In March, Rep. Bradley introduced House Amendment 1, which minutely (but importantly) expanded on the original language of the bill, by adding "or a legal dwelling or place where he or she is an invitee therein." Yep--currently in Illinois, one could, technically, be arrested for having a gun at a firearm aficionado friend's house, when invited over to compare guns. The amendment (which was adopted, with the bill then easily passing in the House) was intended to fix that glaring problem. That, apparently, was what got the ICHV and ICPGV choking on their kiwi-tofu burgers. I quoted ICHV last week; here is what ICPGV said:
5/14/09 – Gun Lobby Attempt to Pass Bill Allowing Open and Concealed Carry in Illinois Amended and Held in Committee"Dangerous and extreme"--good grief. Apparently, their concern (ostensibly, anyway) is that it could allow carry in public places. Ignoring for the moment, the question of "what the hell is wrong with that?" I think their interpretation is quite a stretch. I am, however, the farthest thing in the world from an authority on law and the analysis of the arcane niceties of legalese, so I am willing to concede that their interpretation might be correct (but not their fear of that interpretation).
ICPGV is closely following HB 182, a bill which, as previously amended in the House, would have allowed a person to carry or possess a firearm on or about his or her person in any legal dwelling or any place where he or she is an “invitee.” A person is an invitee in any place that he or she enters for a purpose connected to the property owner’s business or other activity permitted on the premises. For example, Illinois courts have decided that customers of businesses and restaurants, spectators at sporting events, job applicants, and babysitters are invitees. In short, this version of the bill would have allowed concealed carry in Illinois without any permitting system or law enforcement discretion. Only two other states, Alaska and Vermont, have laws that are as lax as what this version of HB 182 proposed.
Last Tuesday, Senator Don Harmon amended this dangerous and extreme bill, removing the language that would allow “invitees” to carry firearms.
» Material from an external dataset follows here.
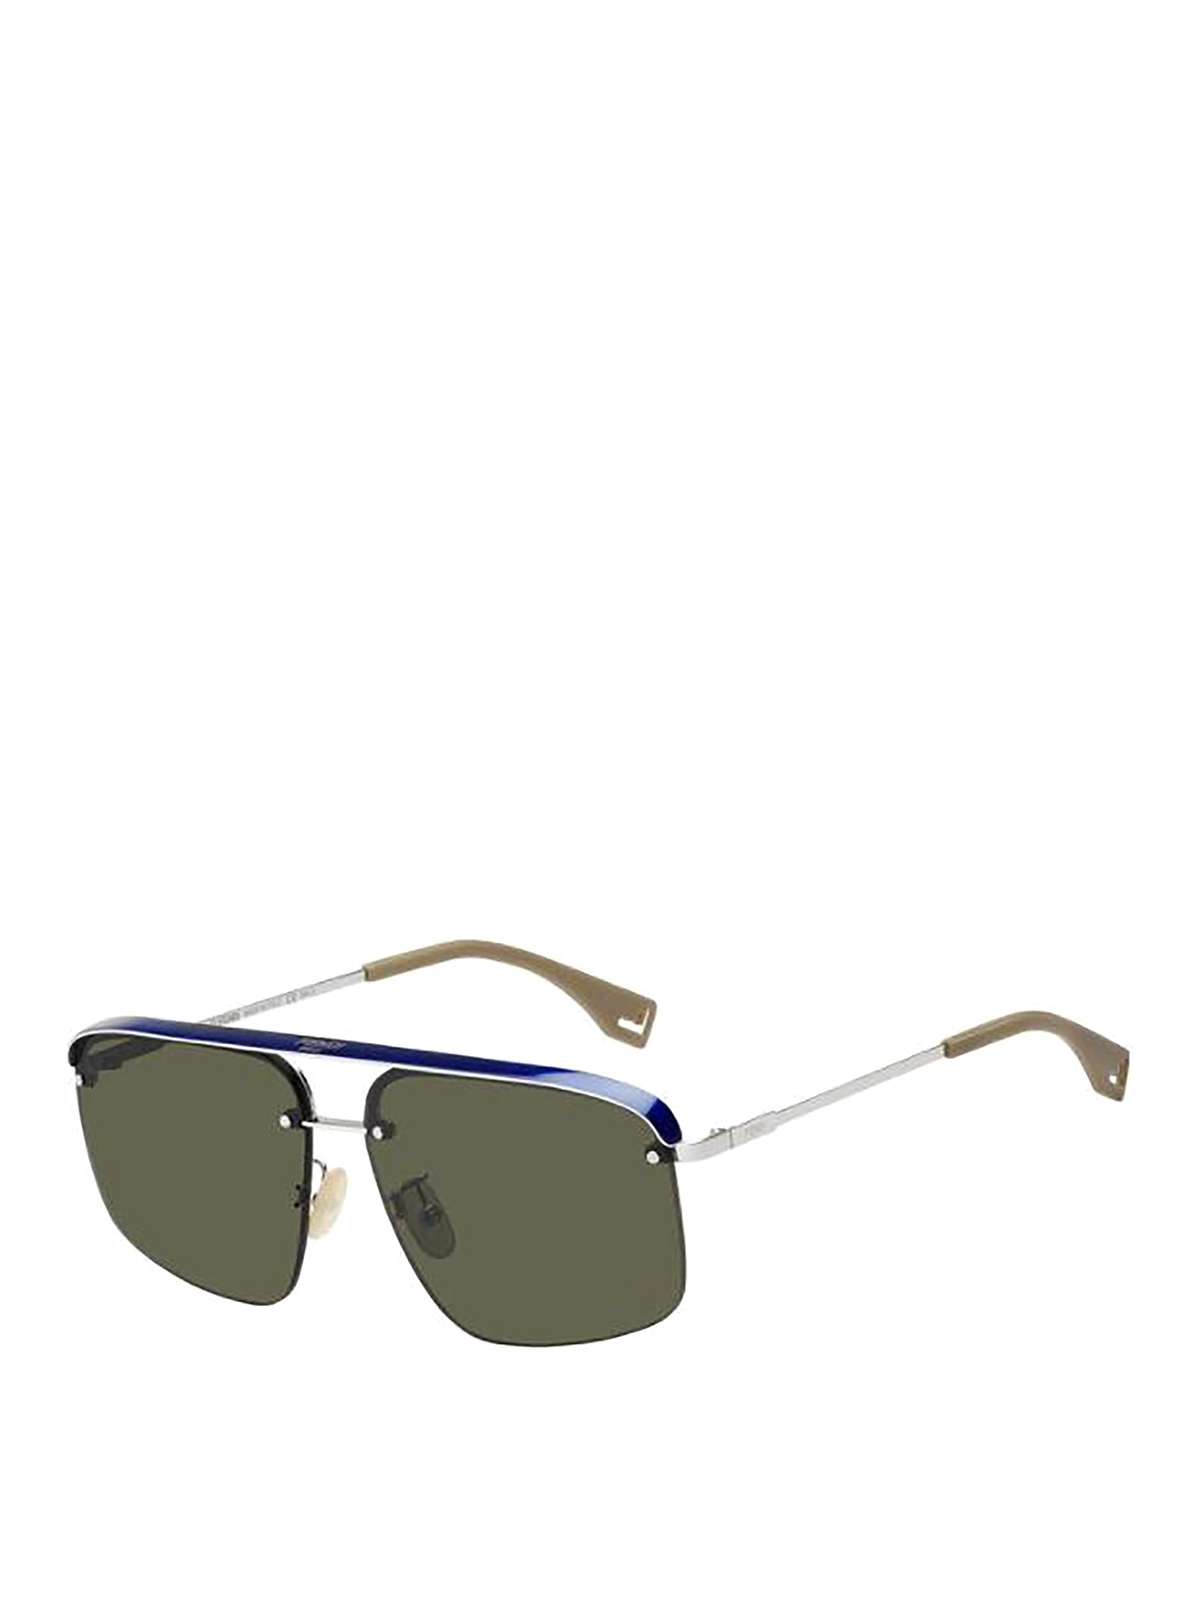 Fendi Pack Sunglasses In Grey

The bill is currently being held in Executive Committee.
Senator Don Harmon--no friend to Illinois gun owners--introduced a Senate amendment (actually two of them, but the second was just intended to cover something he forgot with the first) that would basically cancel out Bradley's amendment--meaning you could still be arrested for having a gun at a friend's house.
Apparently, though, Harmon's reason for filing that amendment was that he had bought into ICPGV's interpretation--that the House version would allow carrying in public businesses, etc. Even as unfriendly to gun rights as Sen. Harmon is, he apparently doesn't really object to people carrying at a friend's house, with the friend's permission. He therefore introduced a third Senate amendment. Now permitted places would be one's "abode, legal dwelling, or fixed place of business, or on the land or in the legal dwelling of another person as an invitee with that person's permission."
That should make everyone happy, right? Um . . . nope.
This week, HB 182 was amended again to allow a person to carry or possess a firearm, concealed or openly, on the land or in the legal dwelling of another person as an “invitee” with that person's “permission.” The bill passed out of the Senate and will now go back to the House Floor for a vote on the new amendment.Here's the lunatics' "fact" sheet (pdf file).
Bottom line, as amended, HB 182 would remove an important tool law enforcement currently has to protect the public from a threatening or suspicious person who is armed. Under HB 182, before arresting a person for unlawful possession, law enforcement would have to make a complex determination based on a vague standard. Law enforcement would have to determine whether the armed person is an "invitee", determine who owns the land or dwelling, discover the whereabouts of the owner, and decide whether the owner gave permission for the suspicious person to carry a concealed weapon on the premises.
They urge their fellow pantywaists to call their Representatives urging opposition to the bill. I suggest Illinoisans call urging for support. Since the House already passed (by a commanding 72-45 margin) an arguably more permissive version, I think it should pass easily, ICPGV's hysteria mongering notwithstanding, but this being Illinois, it's best not to make any assumptions.